Understand the information in a stack trace

A stack trace contains not only the call stack of packages and functions, but also the function parameter signatures, including memory address, structure information(such as len or capacity, etc.). A more detailed analysis can be found in this article, Stack Traces In Go. Apart from the stack trace and parameter signature, goroutine state is the most important part to locate stuck issues, such as network IO blocking, channel receive blocking etc.

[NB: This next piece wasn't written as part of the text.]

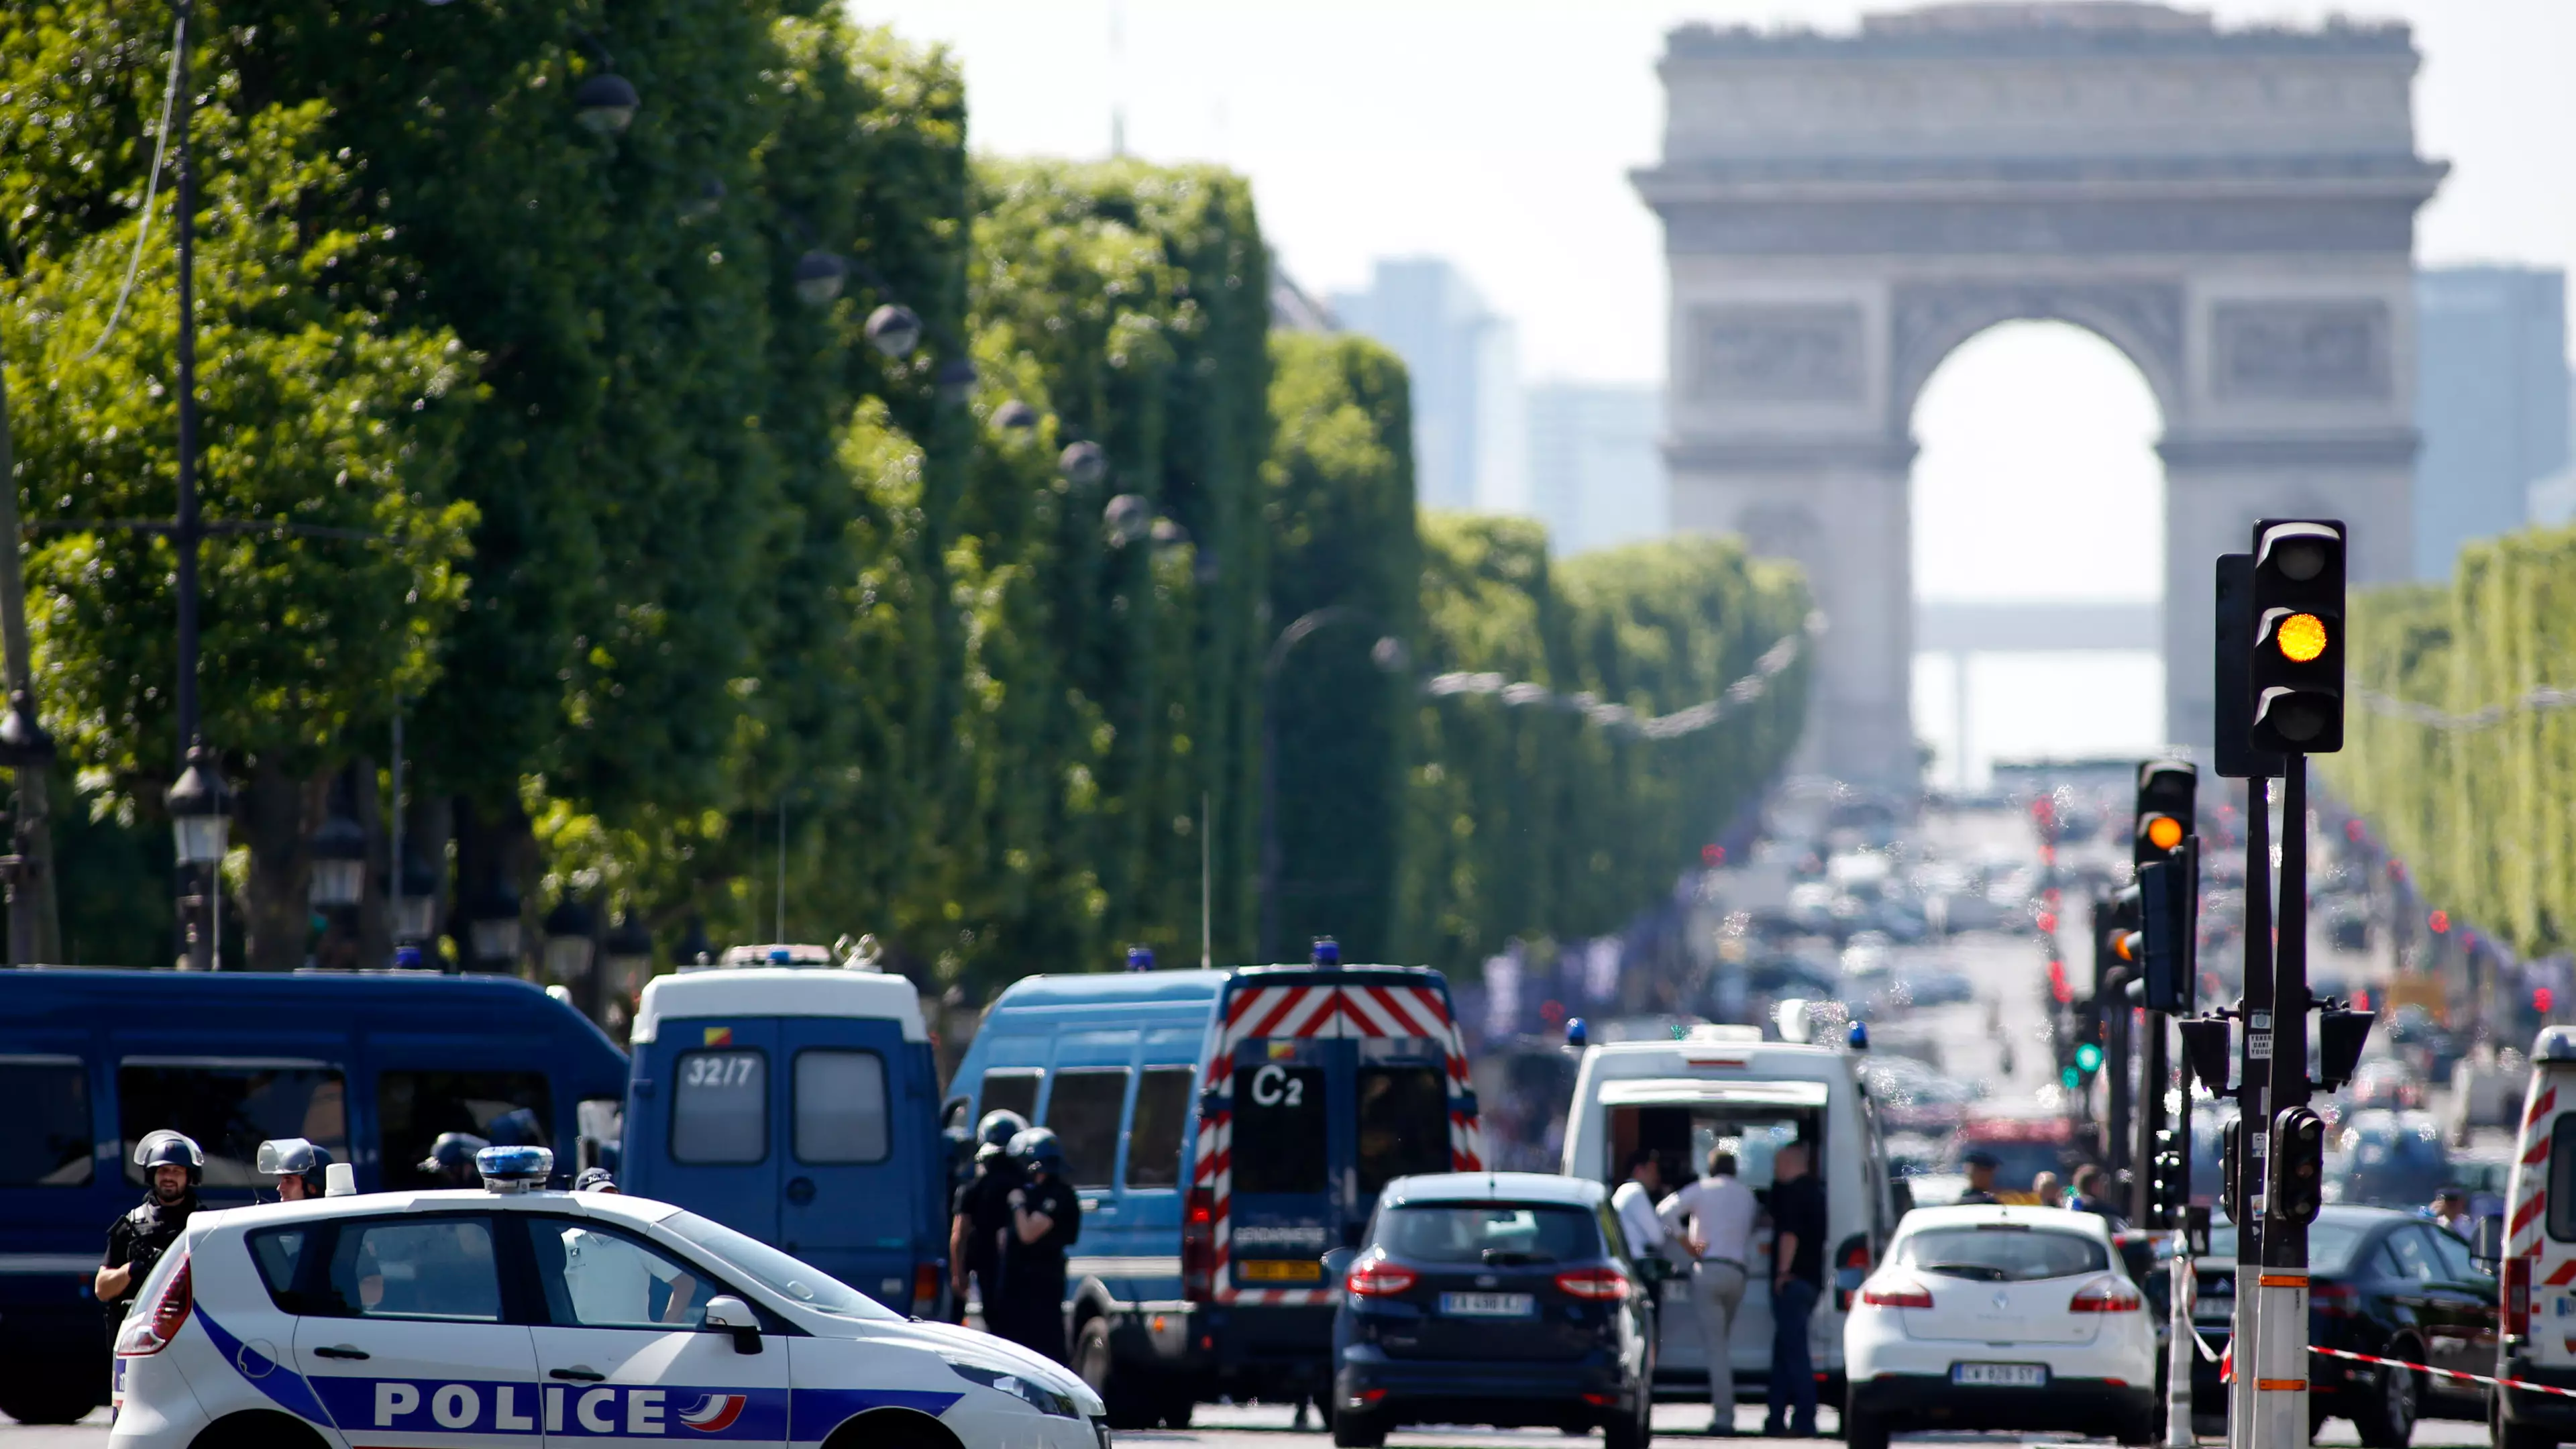 Champs-Élysées Cordoned Off After Car Hits Police Van In Paris

Understand the goroutine state

As a matter of fact, the state listed in pprof goroutine dump combines the runtime G status and the waiting reason of blocking G. The G status is defined in go runtime with 9 states, they are

  • idle: goroutine was just allocated and has not yet been initialized.
  • runnable: goroutine is on a run queue. It is not currently executing user code. The stack is not owned.
  • running: goroutine may execute user code. The stack is owned by this goroutine. It is not on a run queue. It is assigned an M and a P (g.m and g.m.p are valid).
  • syscall: goroutine is executing a system call. It is not executing user code. The stack is owned by this goroutine. It is not on a run queue. It is assigned an M.
  • waiting: goroutine is blocked in the runtime.
  • moribund_unused: currently unused, but hardcoded in gdb scripts.
  • dead: goroutine is currently unused. It may be just exited, on a free list, or just being initialized.
  • enqueue_unused: currently unused.
  • copystack: goroutine’s stack is being moved.
  • preempted: goroutine stopped itself for a suspendG preemption.

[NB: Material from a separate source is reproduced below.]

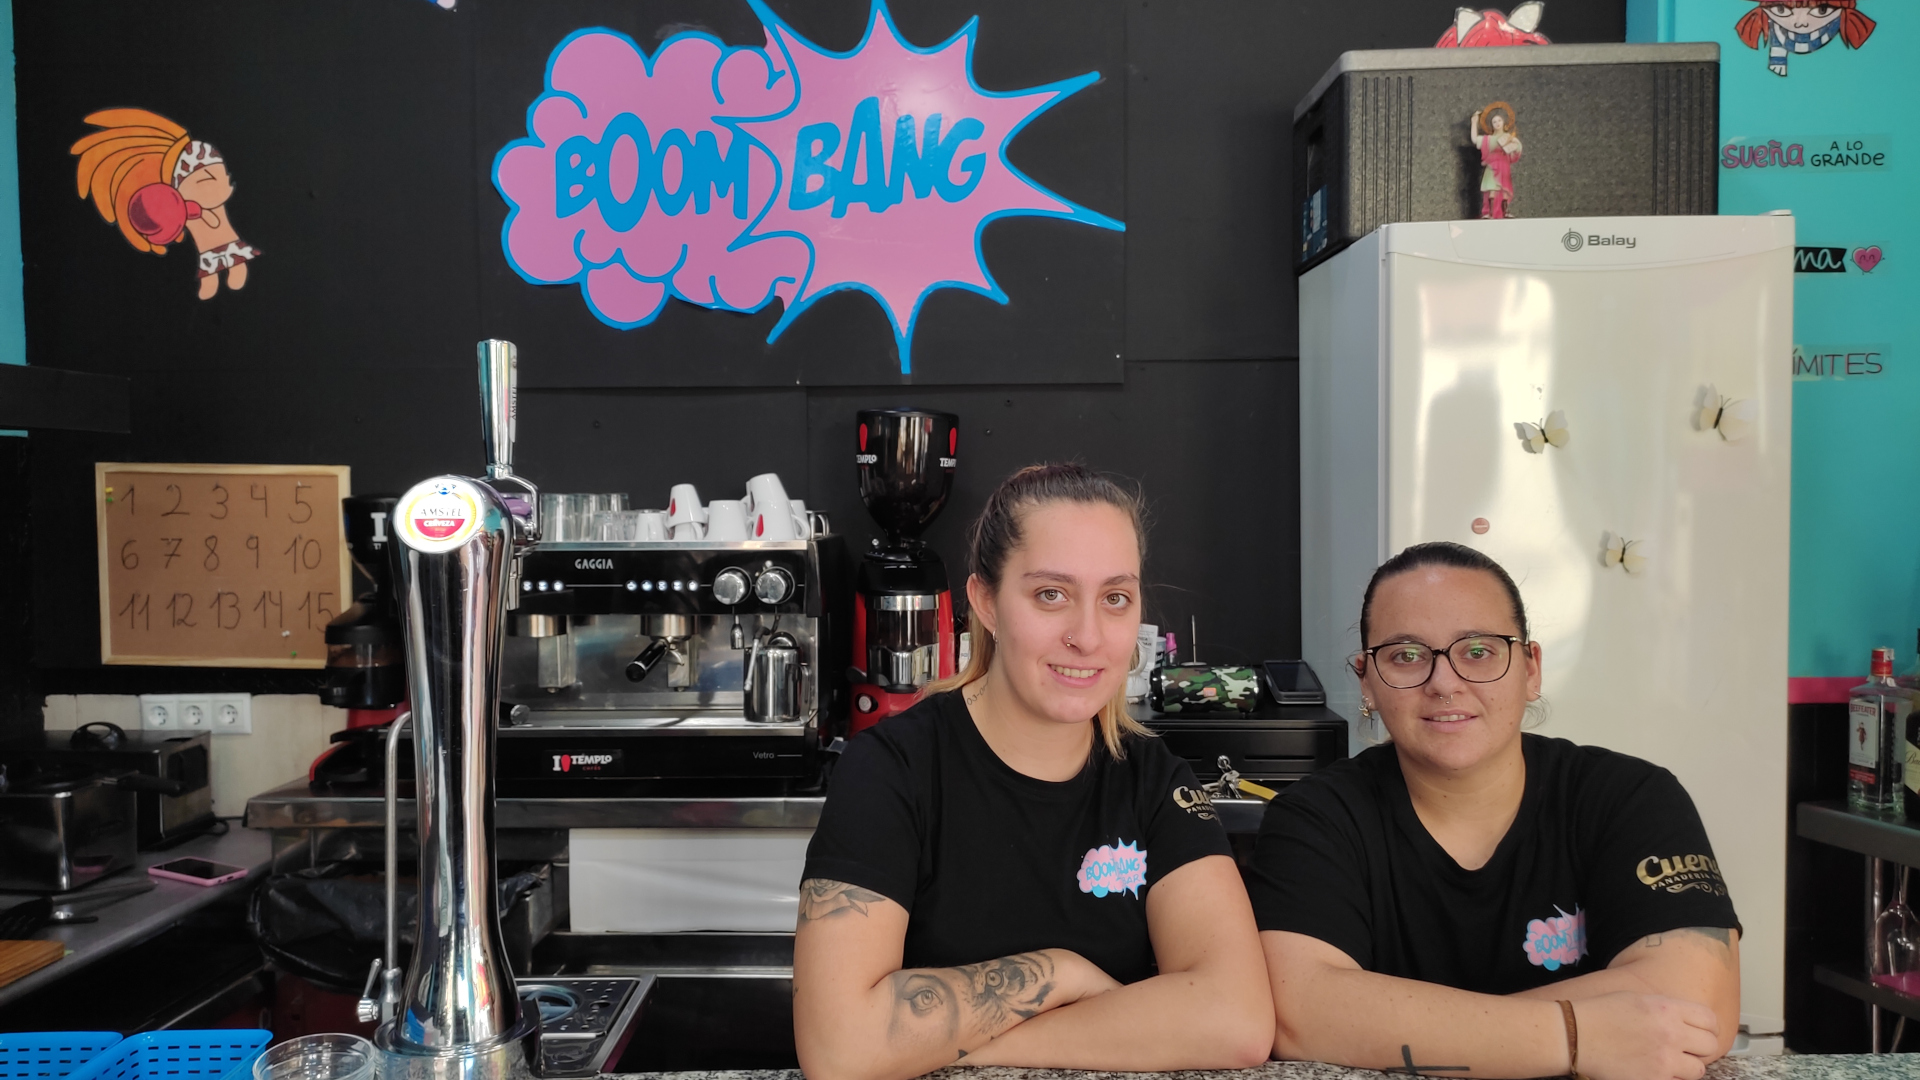 Boom Bang Bar: el nuevo establecimiento de tapas gratis con pizarra gigante para los niños

And the wait reasons are the reason a goroutine is in waiting status, which are defined in go runtime too. The most common patterns we can observe from goroutine dump are G status(including runnable, running, syscall) and many kinds of wait reasons, and wait reasons are often the key information to locate problems.

Waiting time

When a goroutine is blocking for long time, the goroutine dump will have blocing duration record, as the first line goroutine 1 [IO wait, 11 minutes]: in following goroutine dump. This stack trace is triggered by a MySQL database ping operation via a TCP proxy, but adding a delay in the response from TCP proxy to program, which can be treated as a Network IO blocking case.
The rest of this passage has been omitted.